As is well known, only a few settings can be made within the Serato Preferences, which should be very useful for beginners. All the more astonishing that there is a panel for the seven different lighting control modes, namely Off, On, Beat-Fade, Beat-Flash, Master-Volume (strobe effect) and Waveform Color as well as Cuepoint Countdown, explained below:

  • Beat Flash: The LEDs light up red on the first beat of the track and blue on the following beats and go out between the individual beats.
  • Beat Fade: The LEDs light up red on the first beat of the track and blue on the following beats without going out.
  • Master Volume: The LEDs light up white depending on the volume (stroboscopic effect).
  • Waveform Color: 2 LEDs reproduce the wave color of the respective tracks.
  • Cuepoint countdown: 2 LEDs light up in stages, depending on the color of the next cue point.

Whether you actually want to define this as a visual mixing aid for yourself is up to you. It’s always nice to look at when you’re into a little bling-bling. I personally like the blue-red alternating flashing (red on the 1 of the 4/4 time) very much.

On-top, various RGB colors can be switched through via shortcut on the device (bass/filter button + pad 1), but Serato Lite always sets them back to blue and red.

starlight jogwheel

The jog wheel is small but functional

In practice, Serato and Starlight work well together. With the pitch and handwheel, the tracks can be brought into lock step. Since the tempo fader dissolves by 1/10 percent, you may not get the pieces of music pitched one hundred percent the same and they will eventually diverge, by then the transition should be completed, some musical genres do not affect beat mixing anyway.

Speaking of which: Since Serato DJ Lite does not output a Beatgrid, only “Simple Sync”, i.e. transients + tempo, is available here. If Serato is wrong, this can be corrected without any problems with the jog wheel and the audition option via the headphone output, which may not be particularly loud, but is sufficient for hobby use.

A pitch correction is also on board so that there are no “Mickey Mouse effects” when pitching.

Hot cues, FX, loop and sample pads in personal union

The combination filter sounds respectable and is a welcome effect when transitioning via filter mixing or during runtime.
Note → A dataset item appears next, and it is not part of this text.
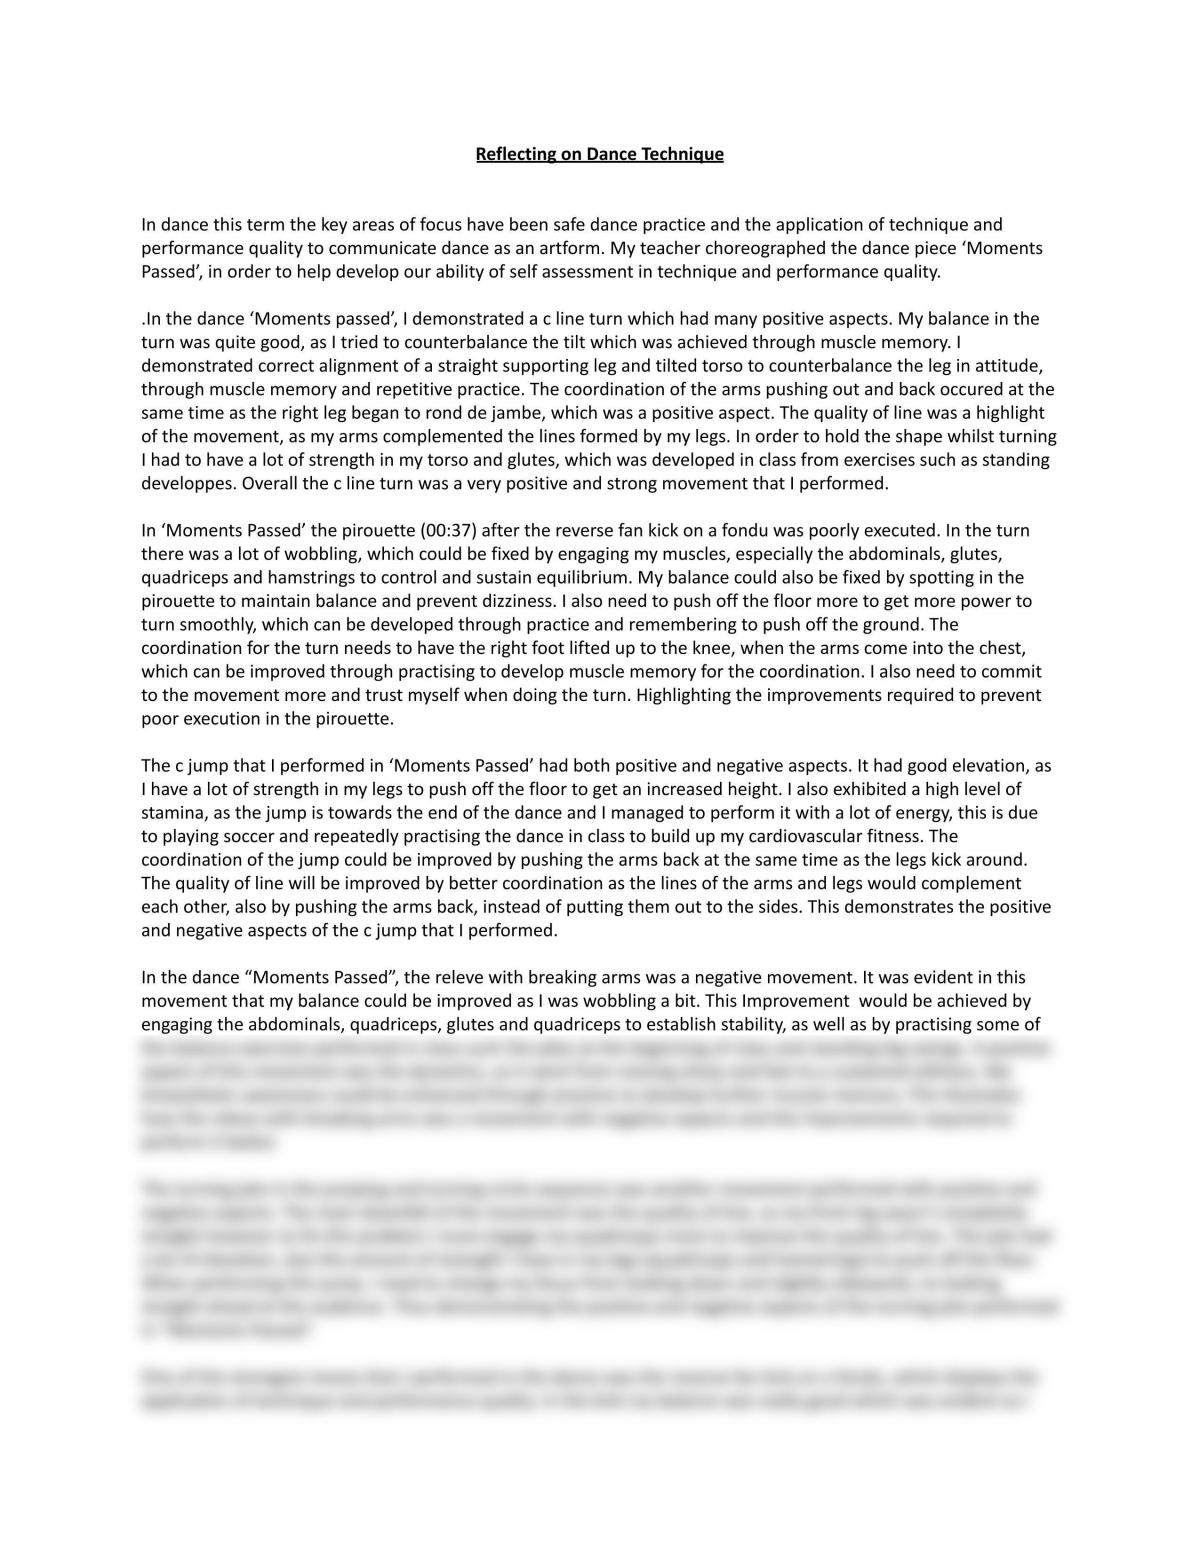 HSC Core Performance Essay - Page 1

Four hot cues can be defined, deleted and played by the user, autoloops in sizes from 1 to 8 can be captured, four freely assignable sample pads (default are horn, chord, drop, sweep) can be triggered.

In addition, there are three effects that can be switched on at the touch of a button, along with FX timing switching, only in one direction, the intensity of which you can set in the software beforehand. Something can be done with it.

The idea of ​​declaring a bass cut and a filter for the transitions and as sound FX is not a bad one. Perhaps, in some eyes, better than using a two-band and foregoing the gains, even though Serato DJ also offers autogain.


Hercules DJControl Starlight is an inexpensive, portable DJ controller for beginners that directs Serato DJ Lite with its integrated USB audio interface and more than two dozen control elements.

The device is equipped with a headphone and master output for the desktop speakers and is supplied with voltage via USB. With the transport section, the jog wheels, the mixer, a pitch and the “tone control”, all the basic tools for playing, synchronizing and fading are available for the mix session and Hercules also has two multifunctional pad sections for creative interludes such as FX (only on / off) and integrated loops.

One could criticize that the jog wheels are quite small, Due to the lack of navigation elements for each new track, it is necessary to reach for a notebook and the Starlight does not (yet) work with Hercules DJUCED If this is not an exclusion criterion, with the Starlight you get a nice tool for the party with friends or on the go. The attractive price is another plus.